Hohe Impfquote ist keine Garantie

Hier zeigt sich auch schon, dass es falsch ist zu glauben, dass eine hohe Impfquote grundsätzlich vor hohen Inzidenzen schützt. Ausgerechnet das Baskenland liegt mit einer Impfquote von über 90 Prozent deutlich über dem Durchschnitt (79 Prozent) im spanischen Staat 90,4 Prozent der Bevölkerung über 12 Jahren ist vollständig geimpft. Navarra liegt dagegen im Durchschnitt, sogar mit knapp 80 Prozent leicht über dem Durchschnitt. In der Region hat eine Studie gerade herausgearbeitet, dass der Schutz durch Impfungen beständig abnimmt. Nach drei Monaten betrage er nur noch 63 Prozent.
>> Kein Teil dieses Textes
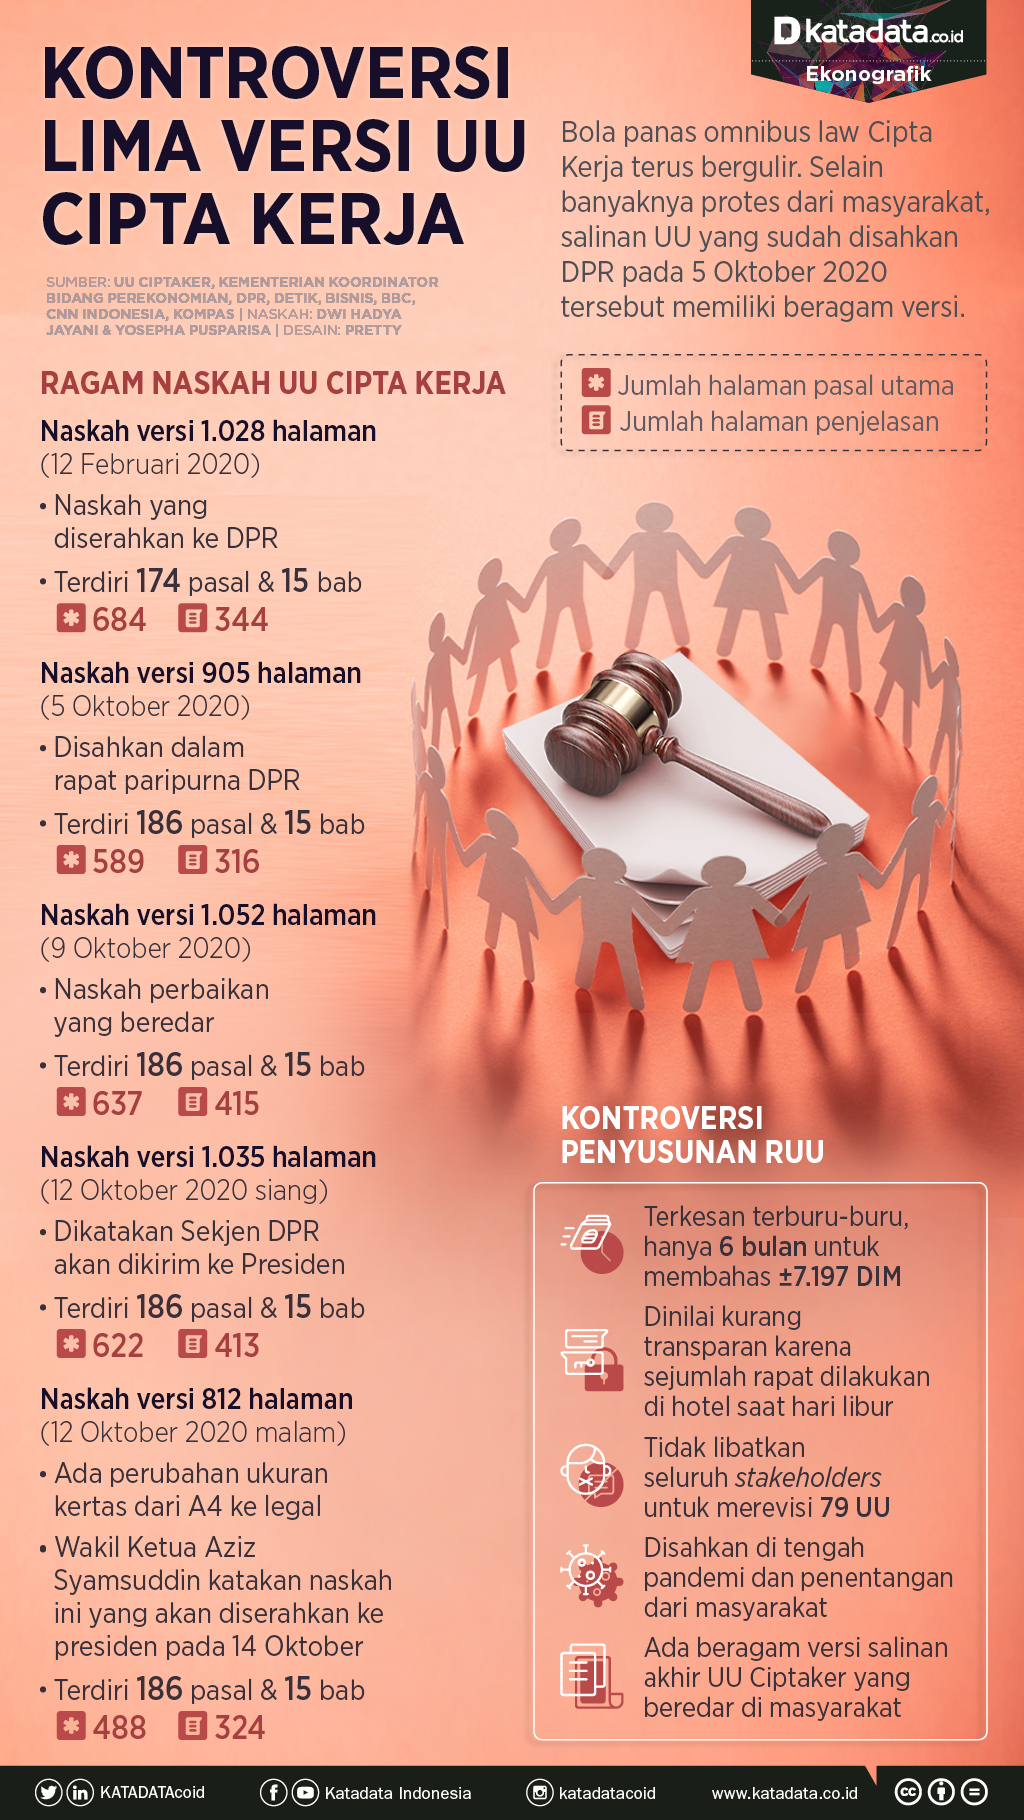 Infografik_Kontroversi lima versi UU Cipta Kerja

Am Beispiel Portugal wird das noch klarer. Denn das Land wird als absoluter Impf-Musterschüler herausgestellt, da fast 90 Prozent der Bevölkerung schon vollständig geimpft sind. Doch die Inzidenzen in Portugal ist mit 124 sogar schon wieder doppelt so hoch wie im Nachbarland Spanien. Während sich in spanischen Krankenhäusern die Einlieferungen noch in Grenzen halten, steigt die Zahl in Portugal inzwischen beständig seit gut einer Woche wieder bedenklich an.

In der Regierung denkt man schon wieder über Einschnitte nach, um eine fatale Entwicklung wie im vergangenen Jahr zu vermeiden, die im Januar und Februar aus dem Land einen weltweiten Hotspot gemacht hatte. Zudem muss im Januar gewählt werden, weil die sozialistische Regierung keinen Haushalt zustande bekam.
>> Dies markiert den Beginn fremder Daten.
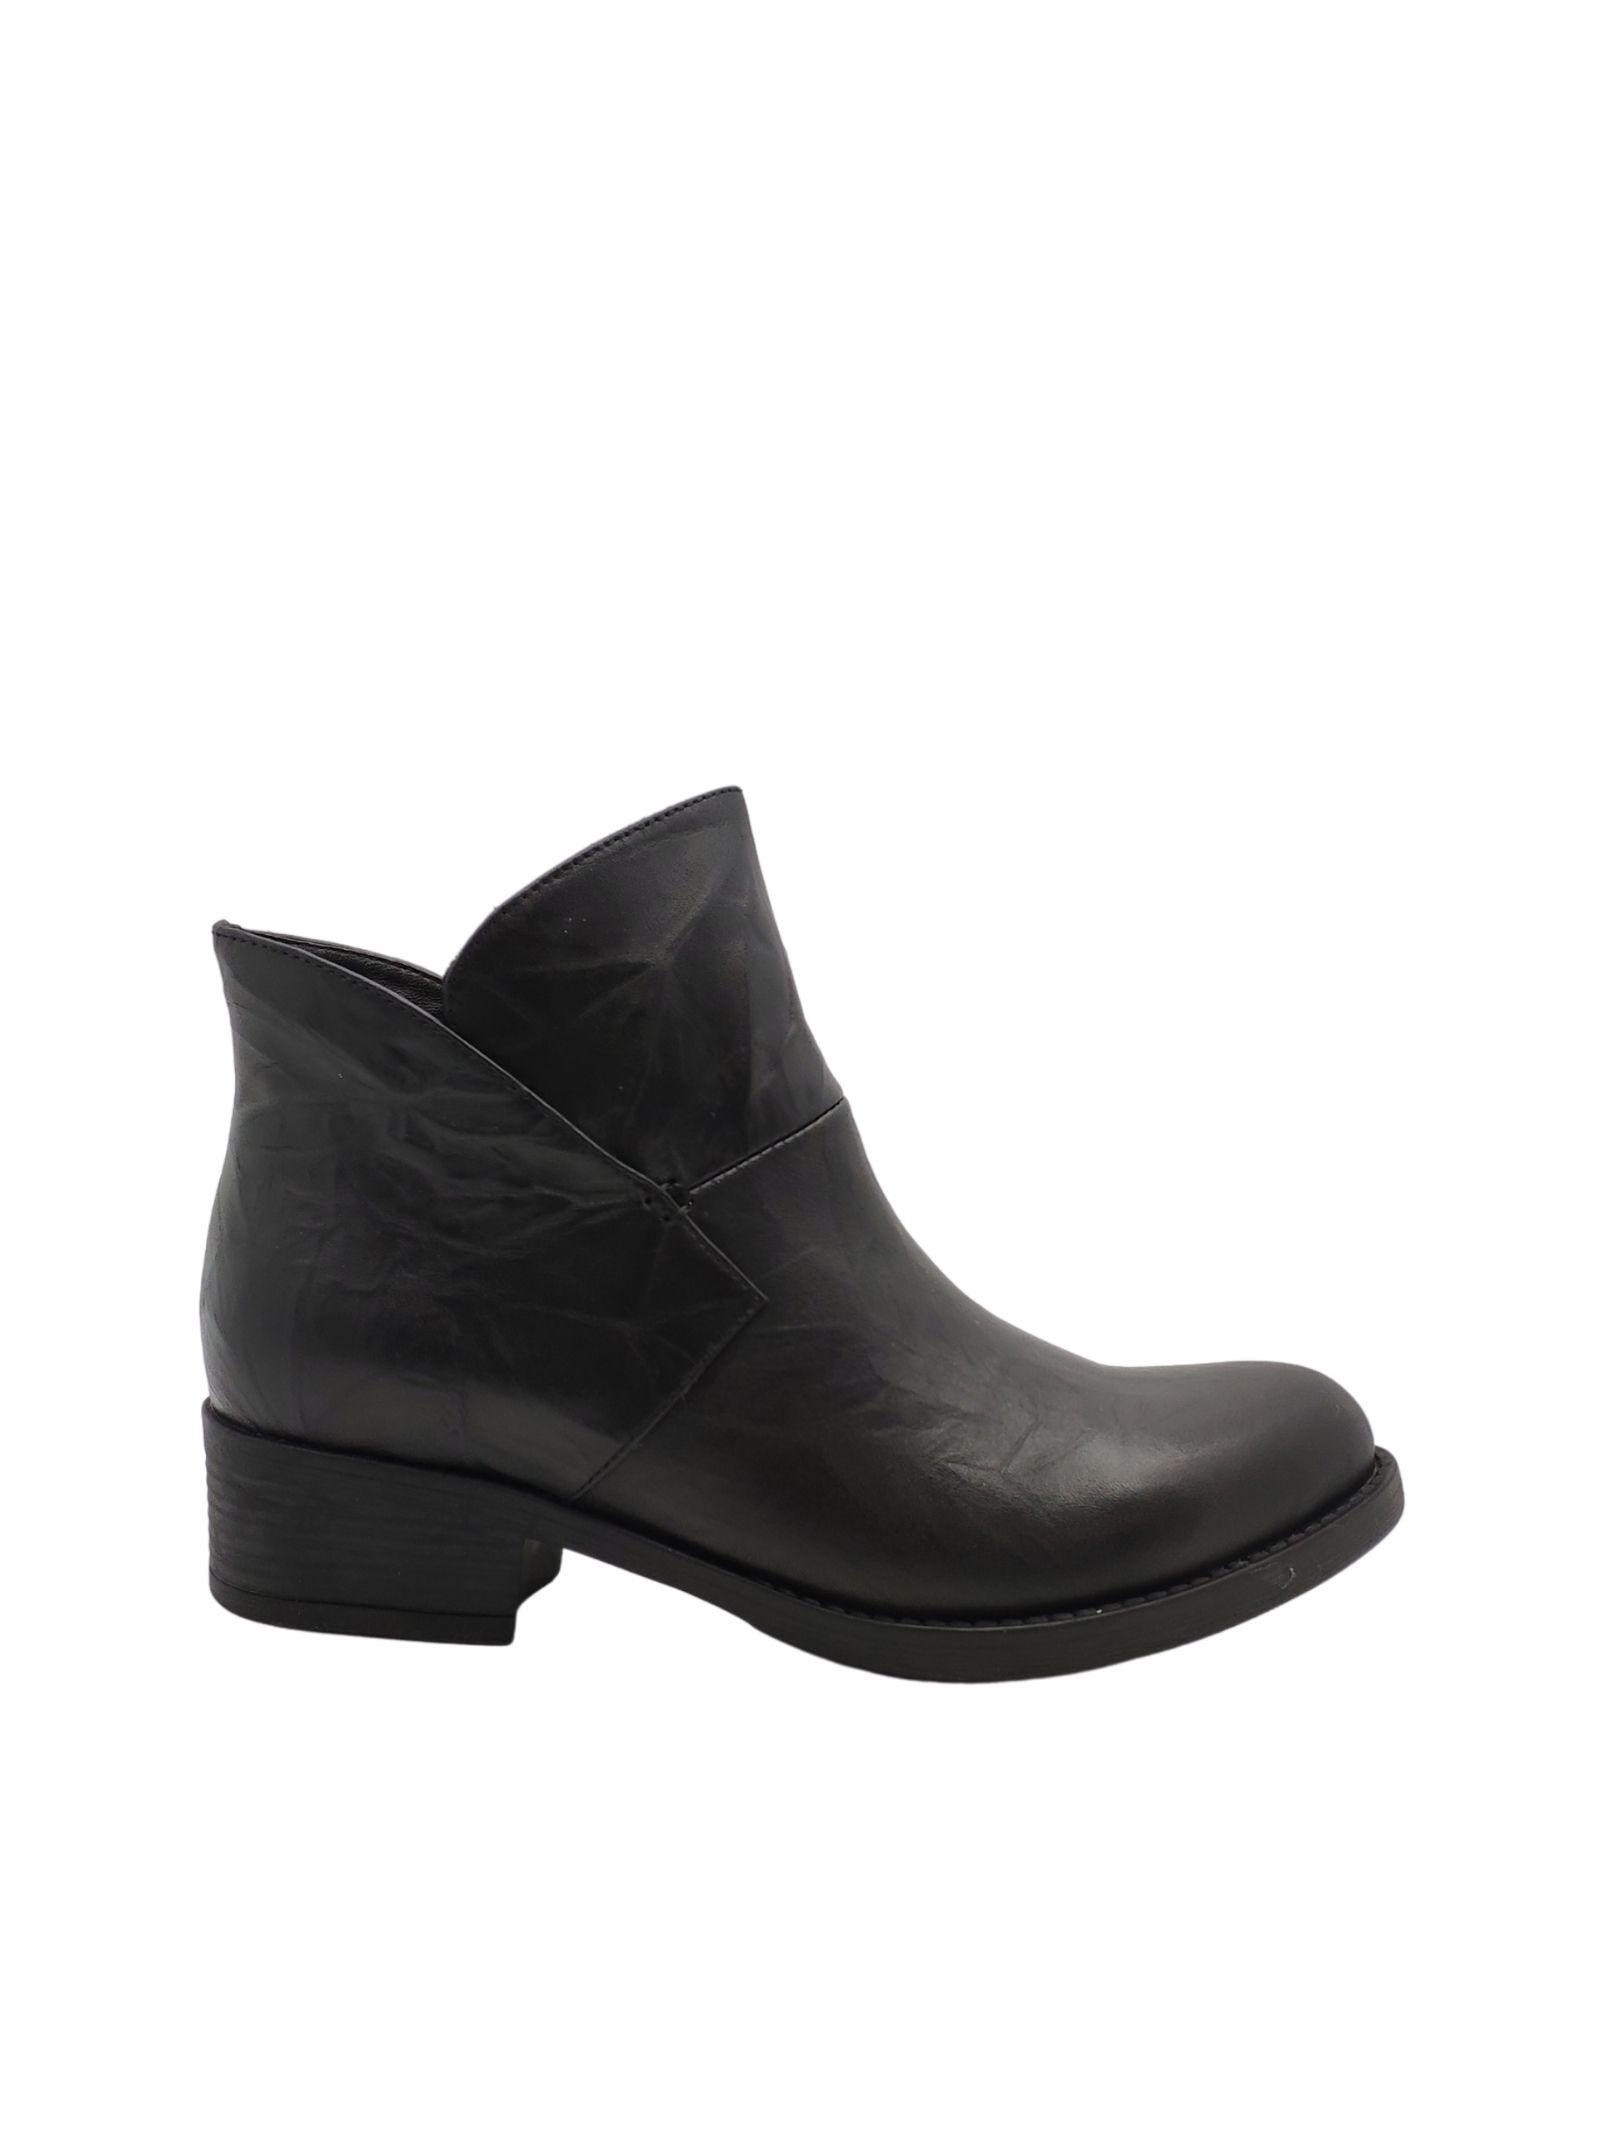 Stivaletti Ankle BootsDonna Manufacture D'Essai | Stivaletti | MDE44VITELLNERO

Dass die Spanier "3G" nur auf Reisen sowie in einigen Diskotheken kennen, wo das in Katalonien längst gefordert wird, das wird sich in Spanien angesichts der ständig steigenden Zahlen nun auch ändern. Schließlich stellen auch spanische Medien inzwischen fest, dass sogar die Einlieferungen auf Intensivstationen wieder steigen. Etliche Regionen, das Baskenland hat es schon beantragt, wollen die französische Regelung einführen, dass man nur mit einem "Covid-Pass" in größere Restaurants (mit Sitzplätzen für mehr als 50 Personen), Nachtclubs und größere Veranstaltungen darf.

Am Montag entscheidet darüber der Oberste Gerichtshof im Baskenland, der allerdings in der Vergangenheit immer wieder Covid-Maßnahmen gekippt hat, die in anderen Regionen von Gerichten abgenickt wurden. Etliche Regionen, die ähnliche Pläne haben, machen deshalb Druck auf die sozialdemokratische Zentralregierung.
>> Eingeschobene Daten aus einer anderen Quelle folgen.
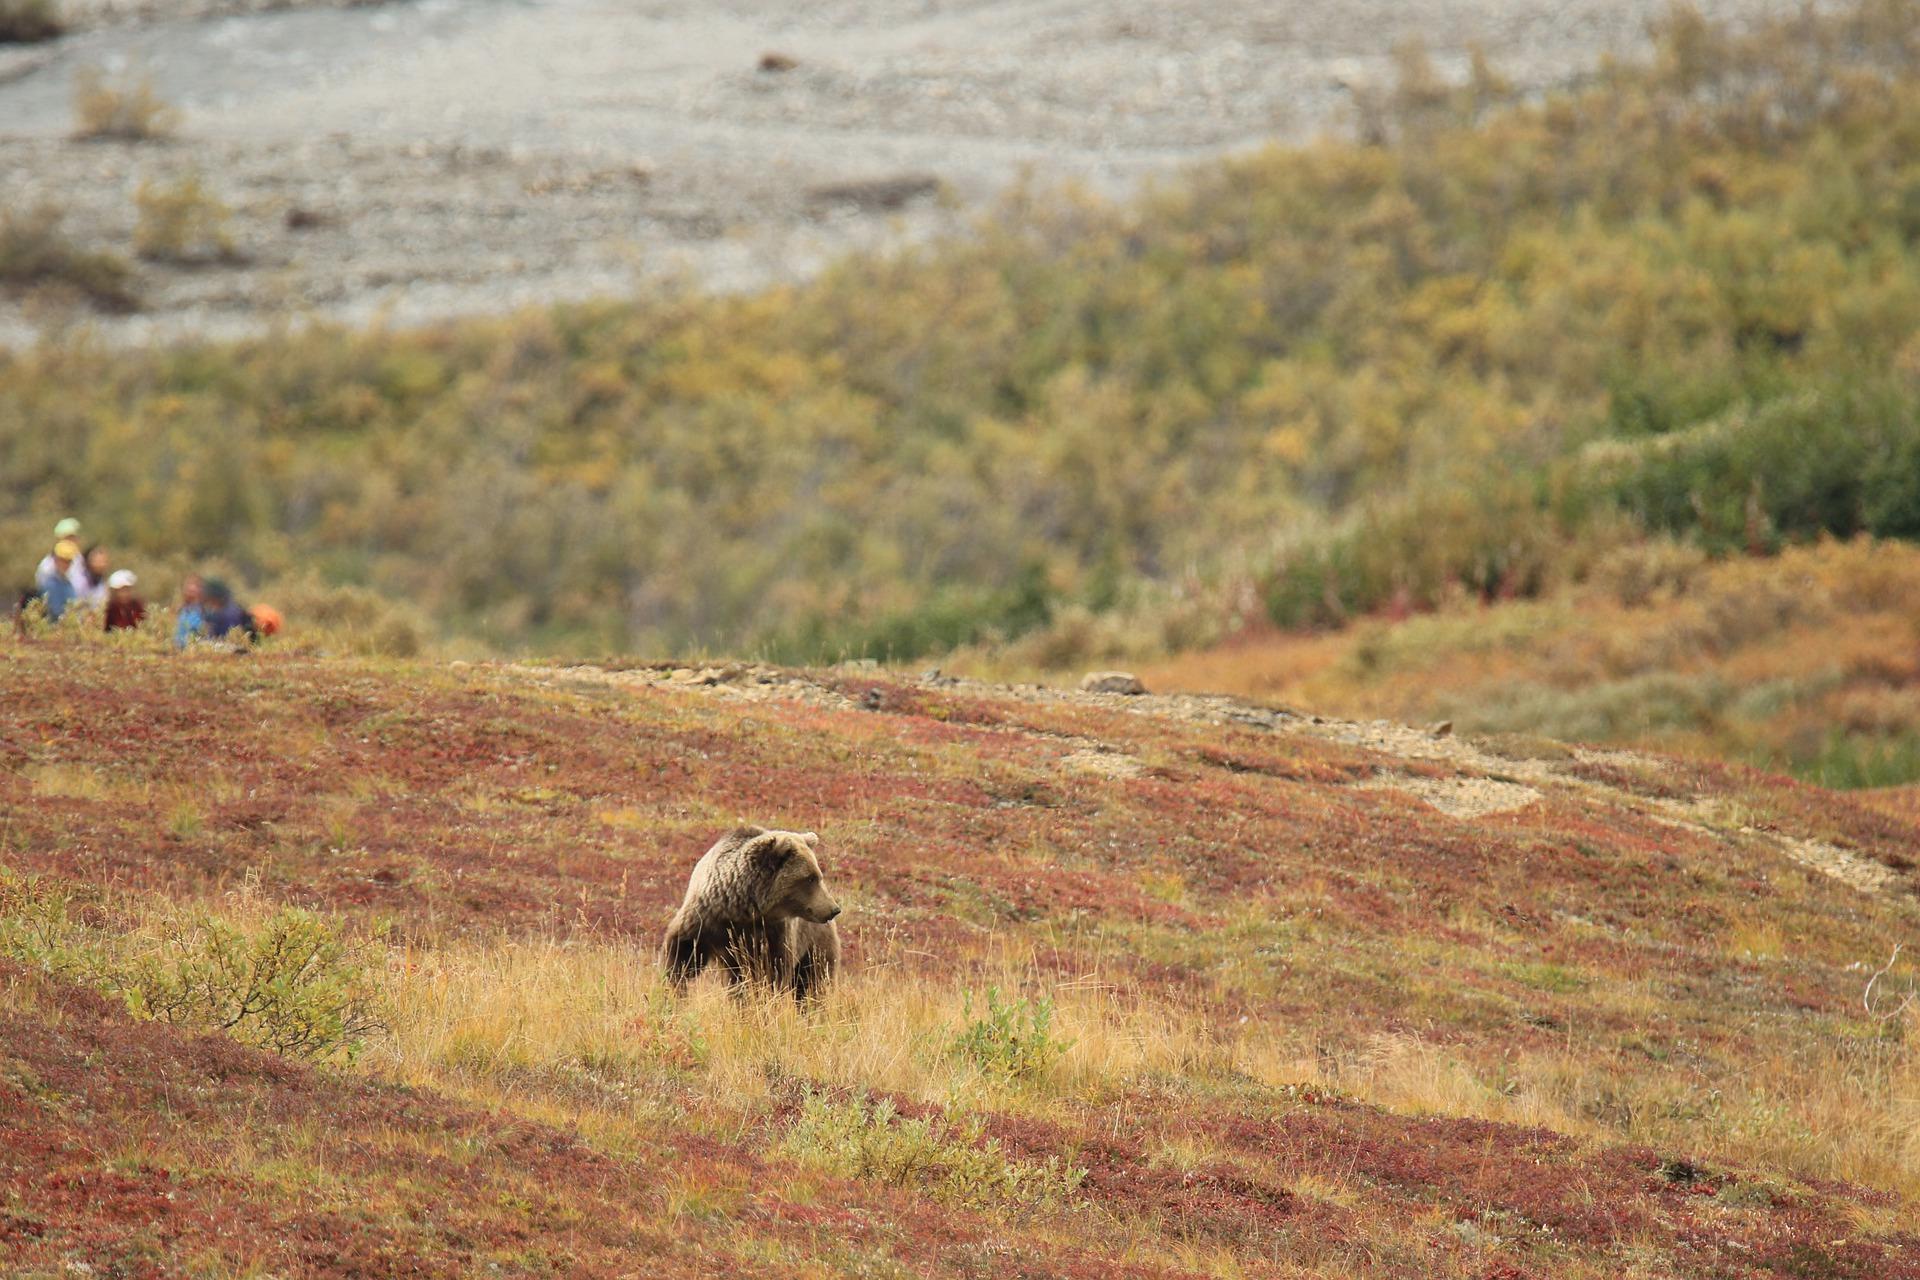 A bear walks along a ridge as photographers observe from a safe distance.

Sie wollen eine landesweite Lösung, um nicht von relativ willkürlichen lokalen Gerichtsentscheidungen abhängig zu sein. Klar ist allen, dass sich die Lage vor Weihnachten wieder verschärfen wird. Besonders harte Maßnahmen wie ein neuer Lockdown, sollen verhindert werden, zumal die Wirtschaft noch immer nicht rund läuft und die Wachstumsraten ständig nach unten korrigiert werden müssen.